Basically, they re-use the big gaps in between actual information to reduce the overhead.

And of course, there's the treasure trove for JVM optimization: the JikesRVM publications page;
http://jikesrvm.sourceforge.net/wiki/index.php/Publications
There's at least one on the topic:
http://jikesrvm.sourceforge.net/wiki/index.php/Publications#Efficient_Implementation_of_Java_Interfaces:_Invokeinterface_Considered_Harmless

Logan Capaldo said...

What about singleton classes? Would they appear in this matrix? And if they don't, then what do you do?

Unknown said...

See this paper.

Anonymous said...

This sounds good, it should be easier to maintain a single matrix than keeping a lot of polymorphic inline caches (PICs) in the AST up-to-date.

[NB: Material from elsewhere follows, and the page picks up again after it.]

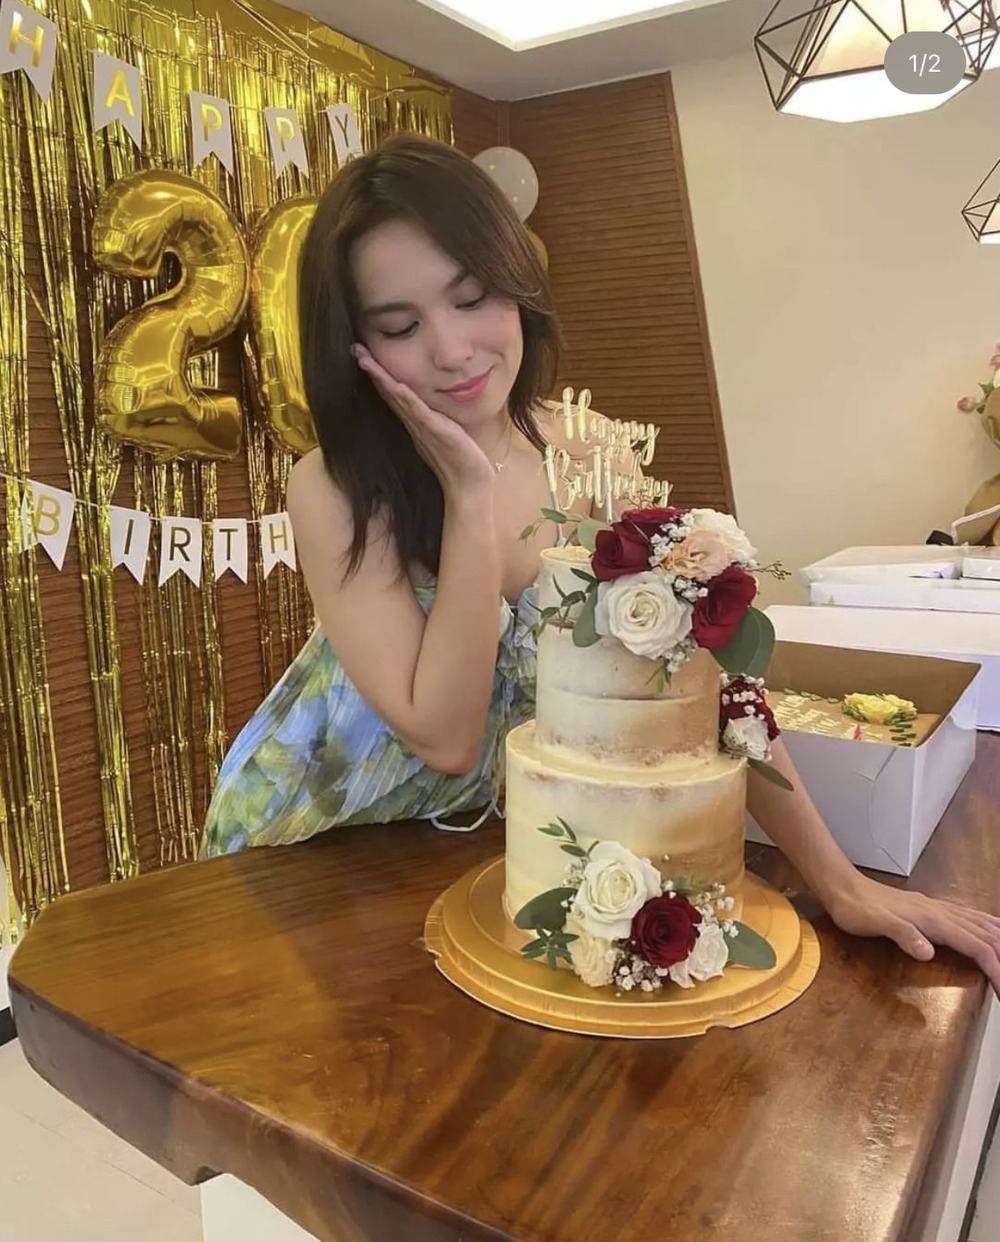 Kyline Alcantara strikes a pose beside her birthday cake.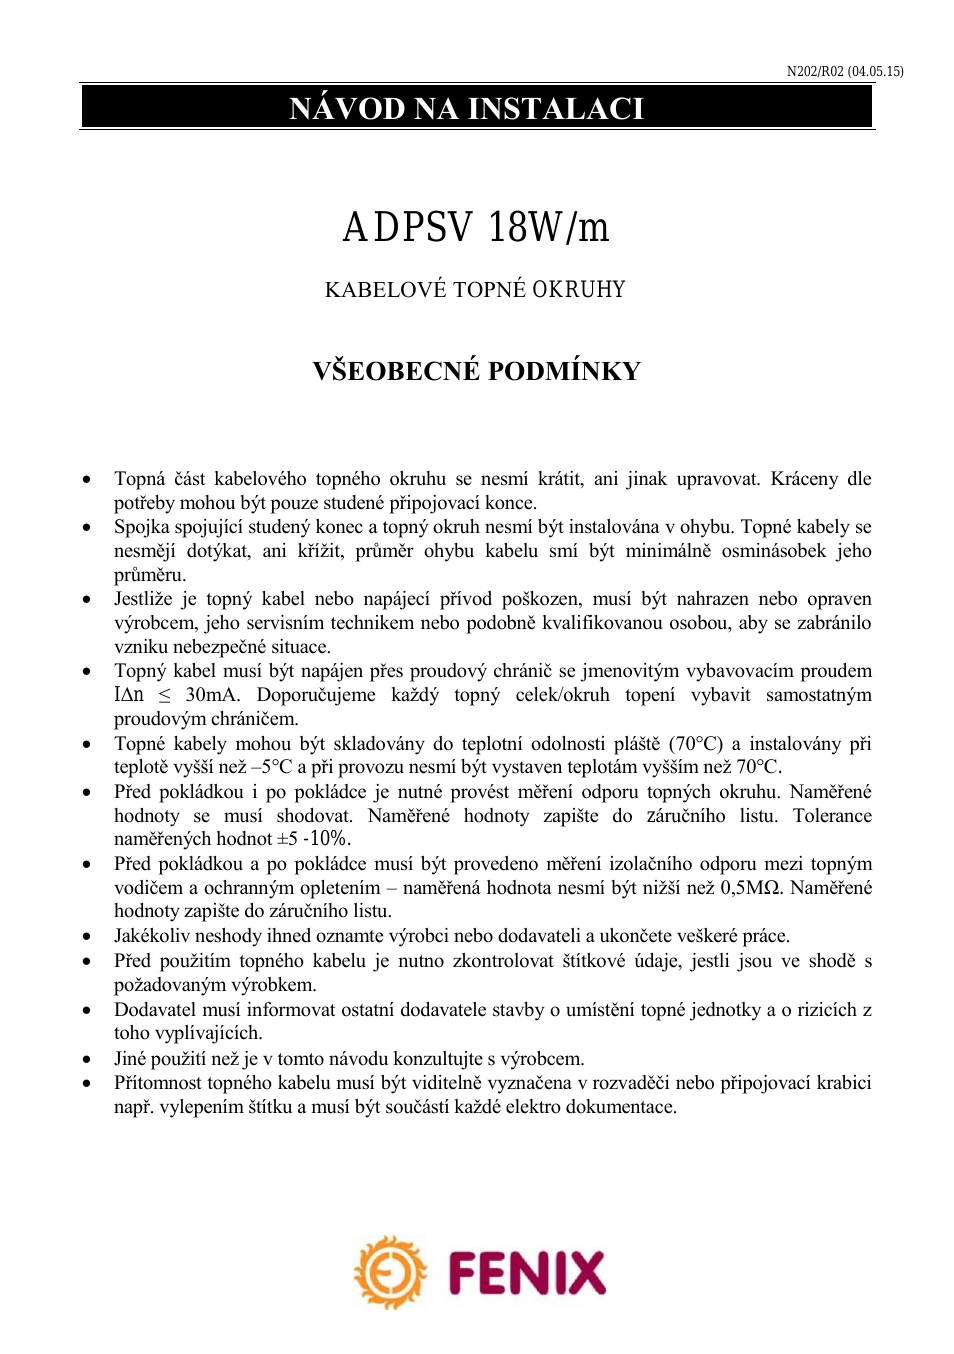 ADPSV 18

I'm not sure, but I think PICs would have faster lookup (linear search of very short lists), but the sparse matrix would probably win when it comes to memory consumption.

Anonymous said...

I'm not a big PIC fan here either, but having some weights associated with receivers would even put the search on almost worst case scenario - guards would do the rest of the job. Memory consupmtion is another factor of course.

kjk said...

Or you can just steal all the ideas (and maybe some code) from Strongtalk (http://code.google.com/p/strongtalk/) which is a Smalltalk implementation that, they say, beats any other Smalltalk implementation by order(s) of magnitude. Their code has been recently released under BSD license. They use techniques originated in Self (same people involved) i.e. PICs , feedback-based optimization and aggressive inlining. The company that did Strongtalk was bought by Sun and their people used similar techniques to improve Java's HotSpot VM.

Anonymous said...

It always amusing to see how ignorant ruby people are that Smalltalk solved their problems decades ago.

Unknown said...

Sorry if this is a dumb question, but...

Wouldn't a big switch case statement perform at O(n)? I tried testing this from java test program and that seems to be the case. Is there some bytecode trick to this?

ruby test code:
-------
(10..25).each do |step|
size = step * 100

File.open('BigSwitch.java', 'w') do |javafile|
javafile.puts "public class BigSwitch {
// do something almost interesting
public static void dispatch(String x) {
int y = x.length() * 100 / 10;
}
public static void main(String[] args) {
long t1, t2;
System.out.print(\"\" + #{size} + \",\");
t1 = System.nanoTime();
for (int i = 0; i < #{size}; i++) {
switch (i) {
"
size.times { |i|
javafile.puts "case #{i}: dispatch(\"#{i}\"); break;"
}
javafile.puts "
}
}
t2 = System.nanoTime();
System.out.println("" + (t2 - t1));
}
}
"
end
system 'javac BigSwitch.java'
system 'java BigSwitch'
end

Unknown said...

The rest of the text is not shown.